For a full working example of an agentic Tool Use loop, see examples/tool_use/main.go.

If a tool execution fails, you can pass isError: true so the model knows the call failed and can attempt to recover:

req.Messages = append(req.Messages, llm.NewToolResultMessage(tc.ID, "location not found", true))

Thinking & Reasoning

Many modern models support reasoning (chain-of-thought) capabilities where they expose their internal thought processes before outputting the final answer.

You can check if a given model natively supports extended thinking by checking the registry. ThinkingLevel is supported by anthropic, gemini, and openai (via the Responses API for GPT-5 family models, where it maps to reasoning effort).
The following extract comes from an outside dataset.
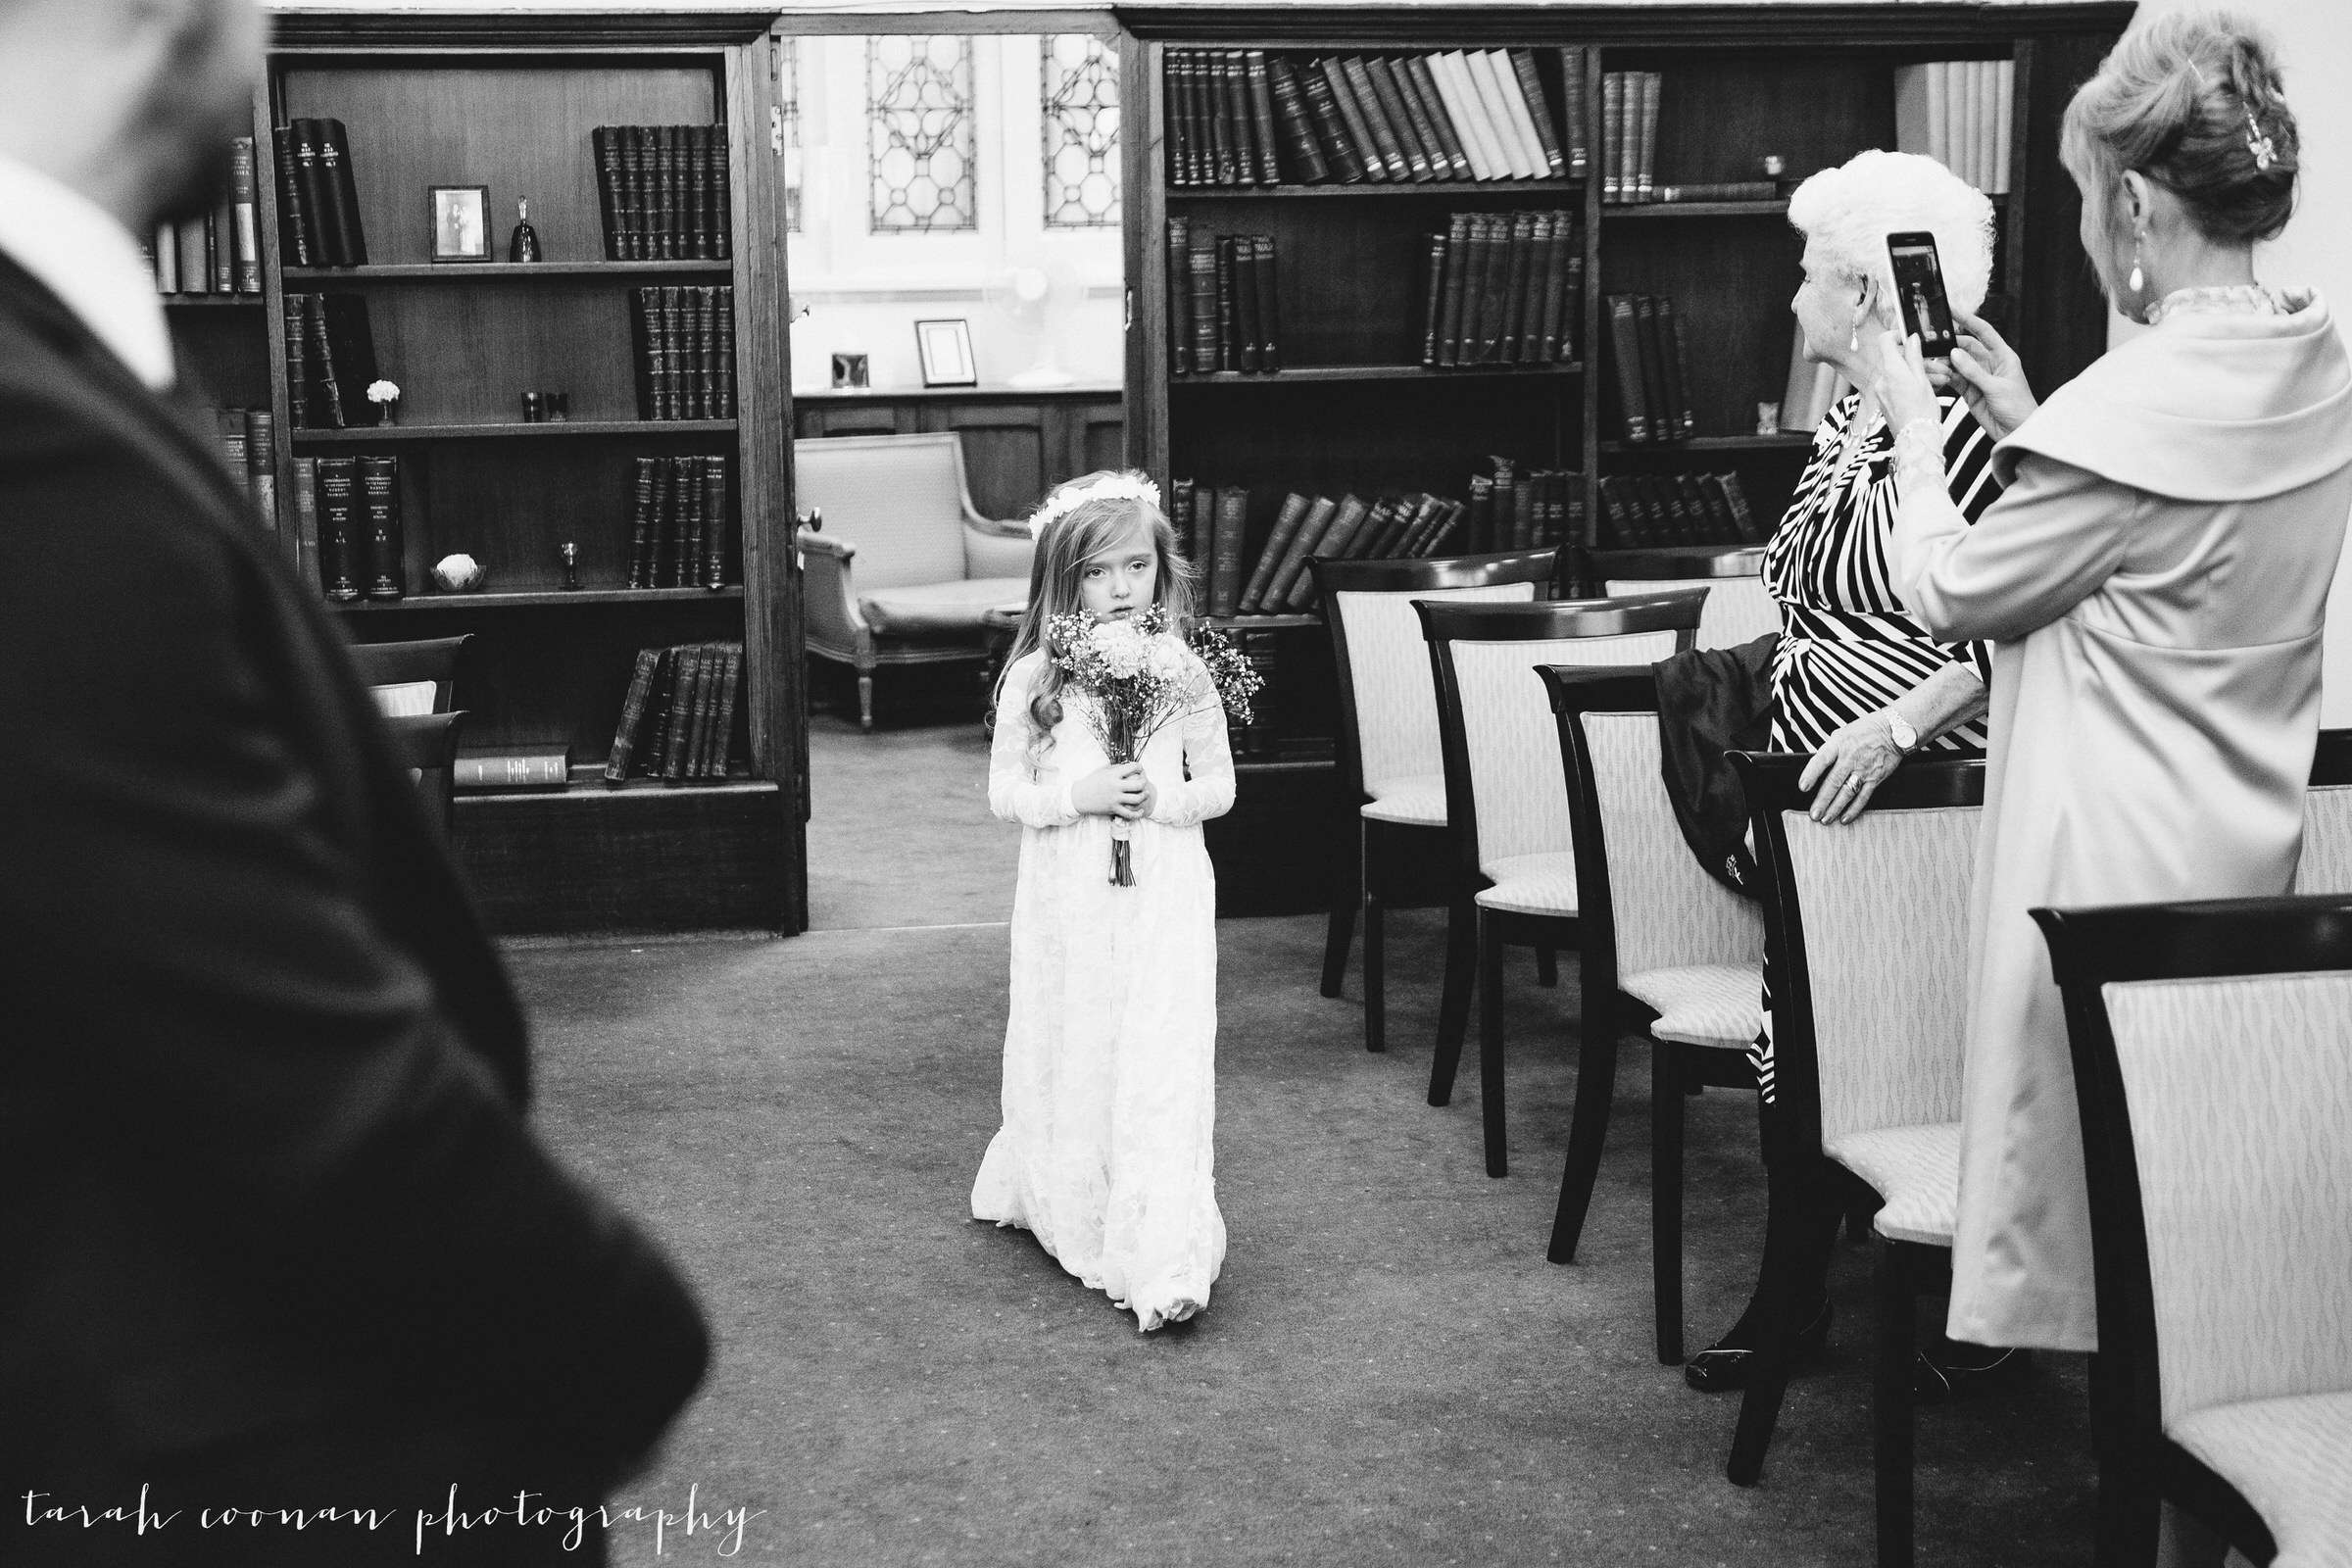 Mayfair Library wedding - Jo & Stephen

The OpenAI Chat Completions adapter (openai_compat) returns an error if ThinkingLevel is set — use the openai provider instead, which auto-routes GPT-5 models to the Responses API. All four adapters parse thinking content from responses: Anthropic via thinking blocks, Gemini via thought: true parts, OpenAI Responses via reasoning_summary, and OpenAI-compat via the reasoning_content field (used by Ollama Qwen3, DeepSeek-R1, etc.).

info, ok := llm.GetModelInfo("claude-opus-4-6")

// 1. API-controlled thinking budgets (e.g. Anthropic)
if ok && info.SupportsThinking {
    fmt.Println("Model supports extended thinking budgets")
    
    // Opt-in via config
    cfg := llm.Config{
        Provider:      "anthropic",
        Model:         "claude-opus-4-6",
        ThinkingLevel: llm.ThinkingLow, // or llm.ThinkingMedium / llm.ThinkingHigh
    }
}

// 2. Intrinsic reasoning models (e.g. DeepSeek-R1, Grok 4 R)
if ok && info.Thinking {
    fmt.Println("Model uses intrinsic reasoning natively")
}

You can override the default token budget for a specific request using ThinkingBudget:

req := llm.Request{
    Messages:       messages,
    ThinkingLevel:  llm.ThinkingMedium,
    ThinkingBudget: 8192, // overrides ThinkingMedium's default of 16384
}

Note: Anthropic's API requires temperature = 1.0 when extended thinking is enabled. The adapter enforces this automatically. A warning-level log is emitted when a temperature override occurs.

If extended thinking is enabled, you can read it synchronously via resp.Thinking or asynchronously in a stream via llm.EventThinking and event.Thinking.

Context Caching

Context caching reduces cost and latency by reusing previously processed input. Anthropic and Gemini support caching with different models.

Anthropic (inline cache_control)

Mark content blocks, system prompts, or tool definitions as cacheable. Anthropic caches the marked prefix and reuses it on subsequent requests with the same prefix.

req := llm.Request{
    System:             "You are a helpful assistant with extensive knowledge...",
    SystemCacheControl: true, // Cache the system prompt
    Messages: []llm.Message{{
        Role: llm.RoleUser,
        Content: []llm.ContentPart{
            {Type: llm.ContentText, Text: longDocument, CacheControl: true}, // Cache this block
            {Type: llm.ContentText, Text: "Summarize the above."},
        },
    }},
    Tools: []llm.Tool{{
        Name: "search", Description: "Search the web",
        InputSchema:  map[string]interface{}{"type": "object"},
        CacheControl: true, // Cache this tool definition
    }},
}

resp, _ := client.Complete(ctx, req)
fmt.Printf("Cache write: %d tokens, Cache read: %d tokens\n",
    resp.CacheCreationTokens, resp.CacheReadTokens)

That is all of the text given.